#### Aim of the task:
Reprint all of the data below exactly as shown and skip every image.

#### Exercise data:
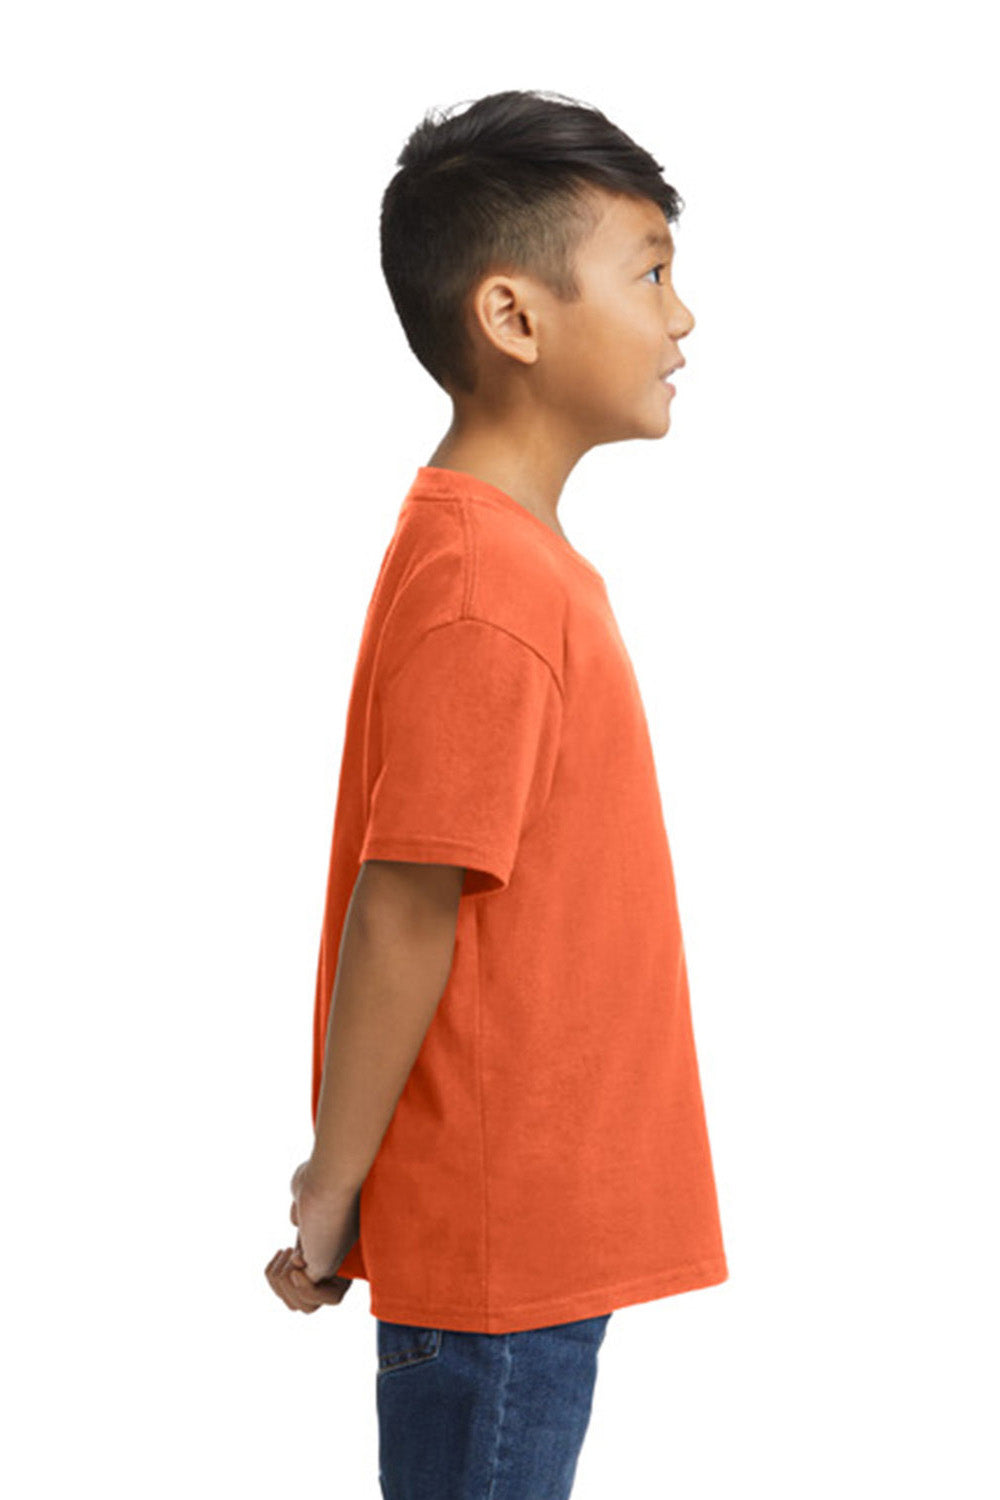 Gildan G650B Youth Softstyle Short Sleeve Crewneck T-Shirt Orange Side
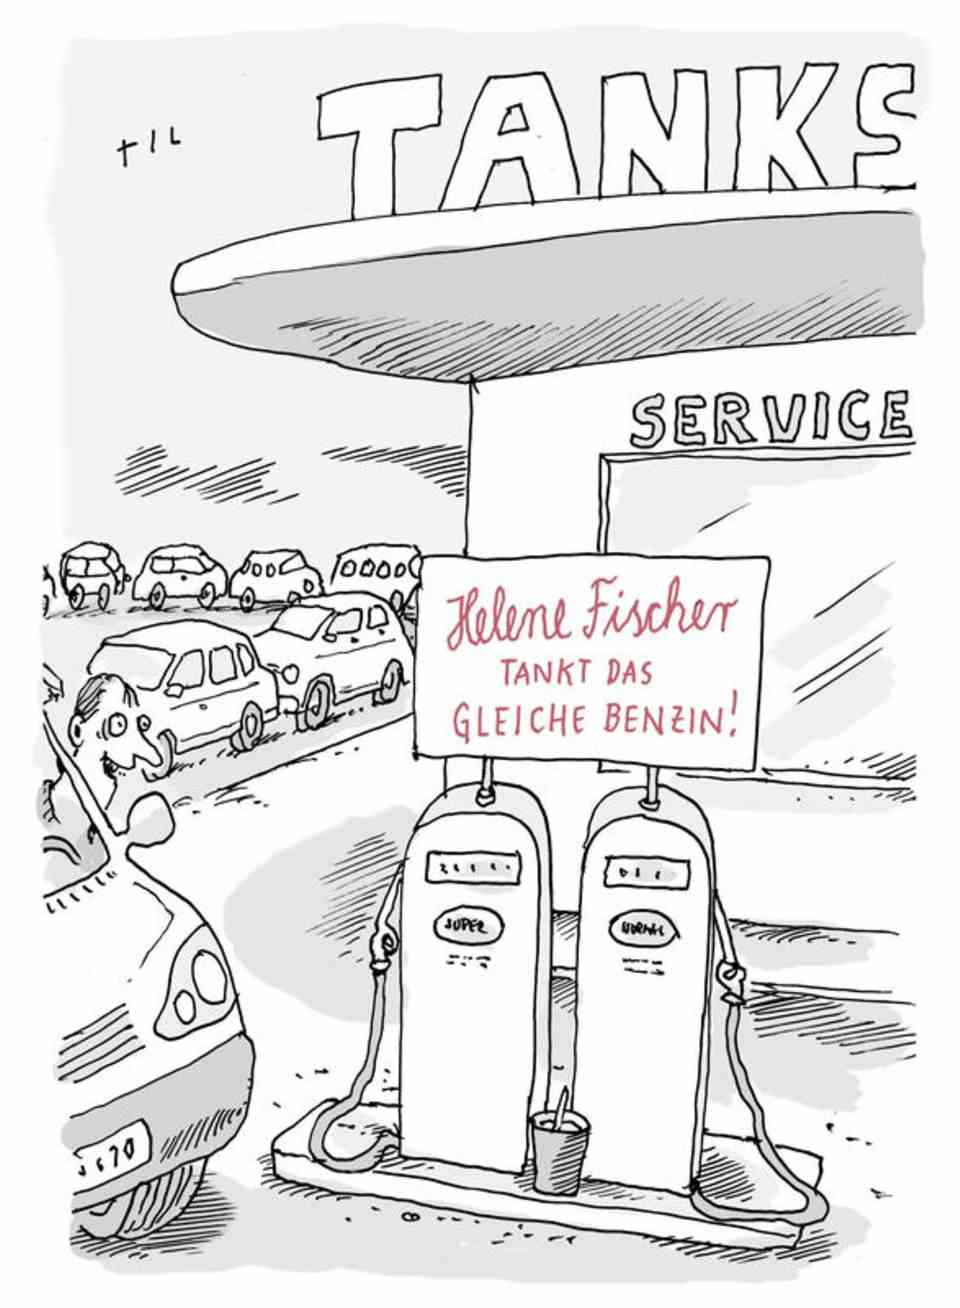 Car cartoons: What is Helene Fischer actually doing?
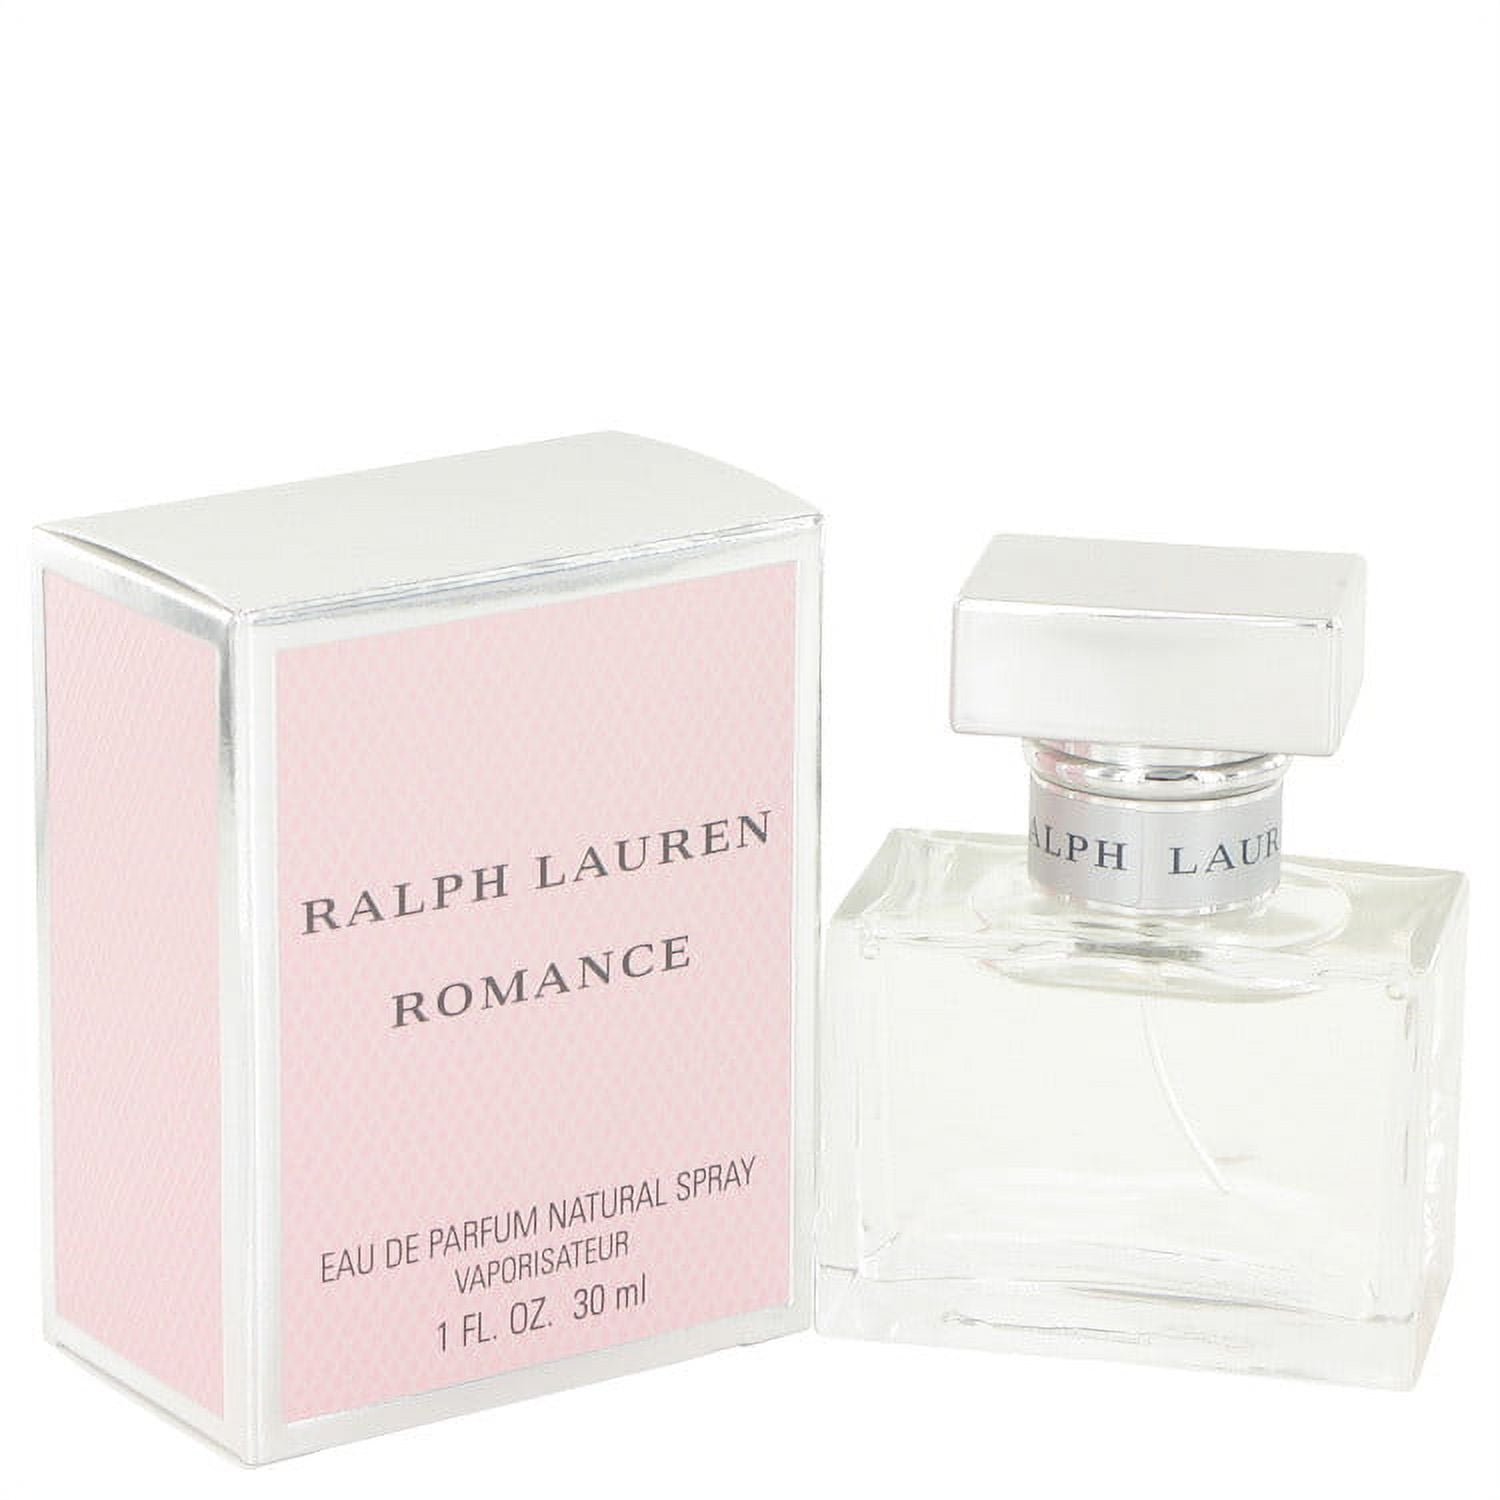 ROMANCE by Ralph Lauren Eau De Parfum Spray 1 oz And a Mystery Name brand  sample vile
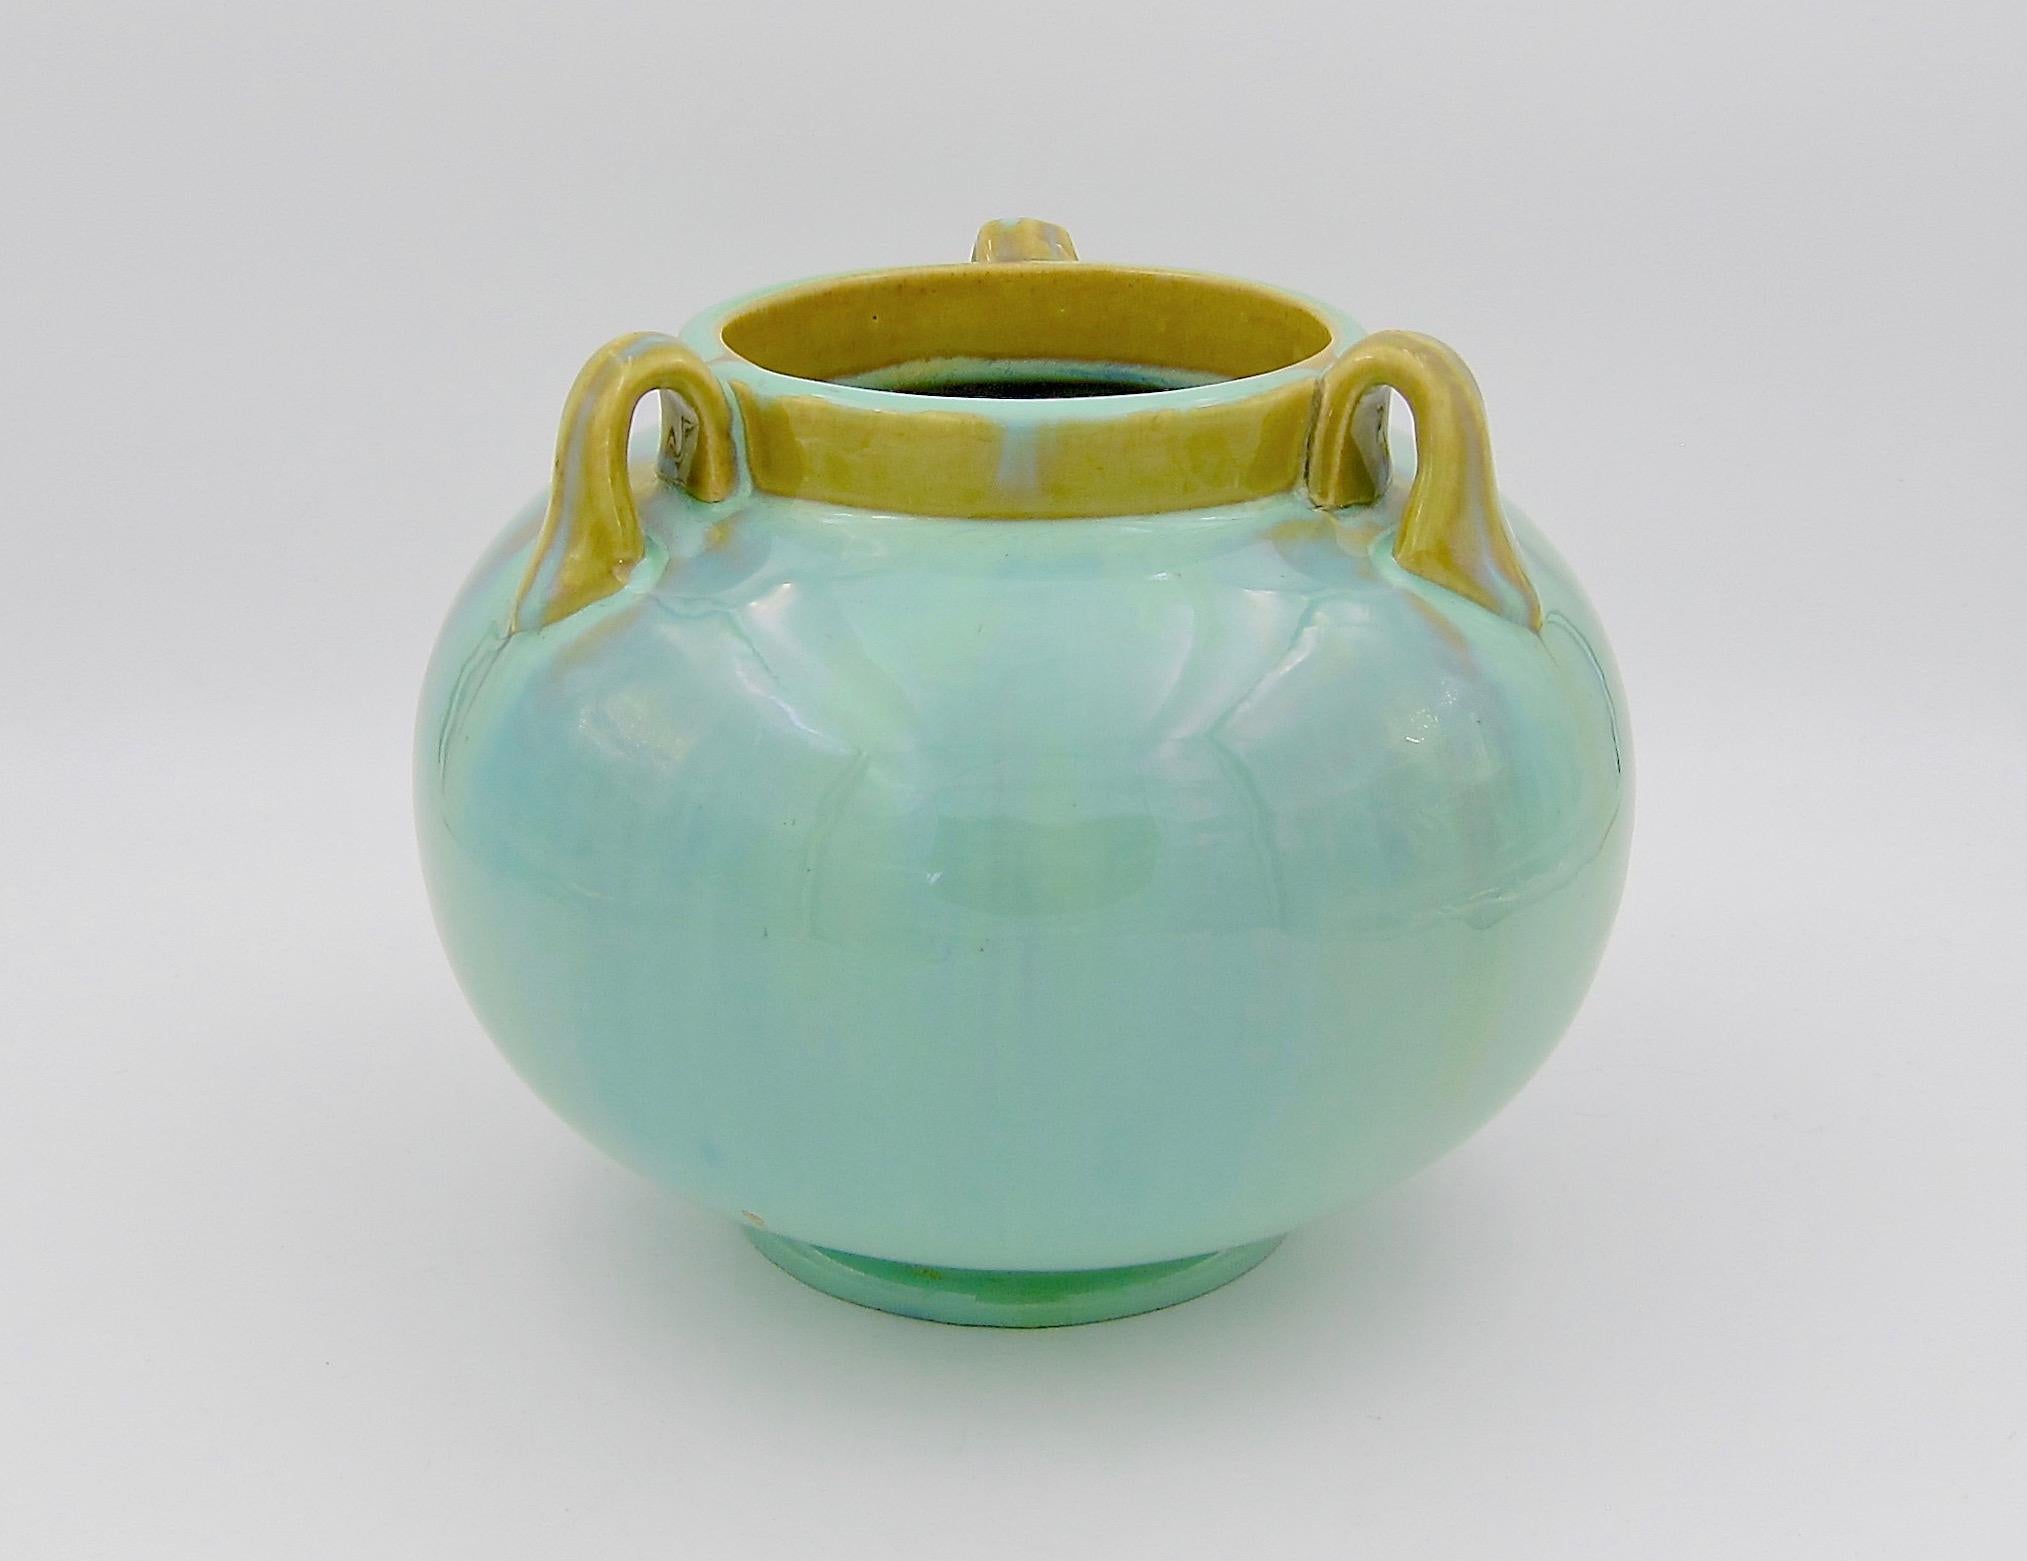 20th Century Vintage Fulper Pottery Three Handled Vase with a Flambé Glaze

#### Problem solution:
 Gildan G650B Youth Softstyle Short Sleeve Crewneck T-Shirt Orange Side
 Car cartoons: What is Helene Fischer actually doing?
 ROMANCE by Ralph Lauren Eau De Parfum Spray 1 oz And a Mystery Name brand  sample vile
 20th Century Vintage Fulper Pottery Three Handled Vase with a Flambé Glaze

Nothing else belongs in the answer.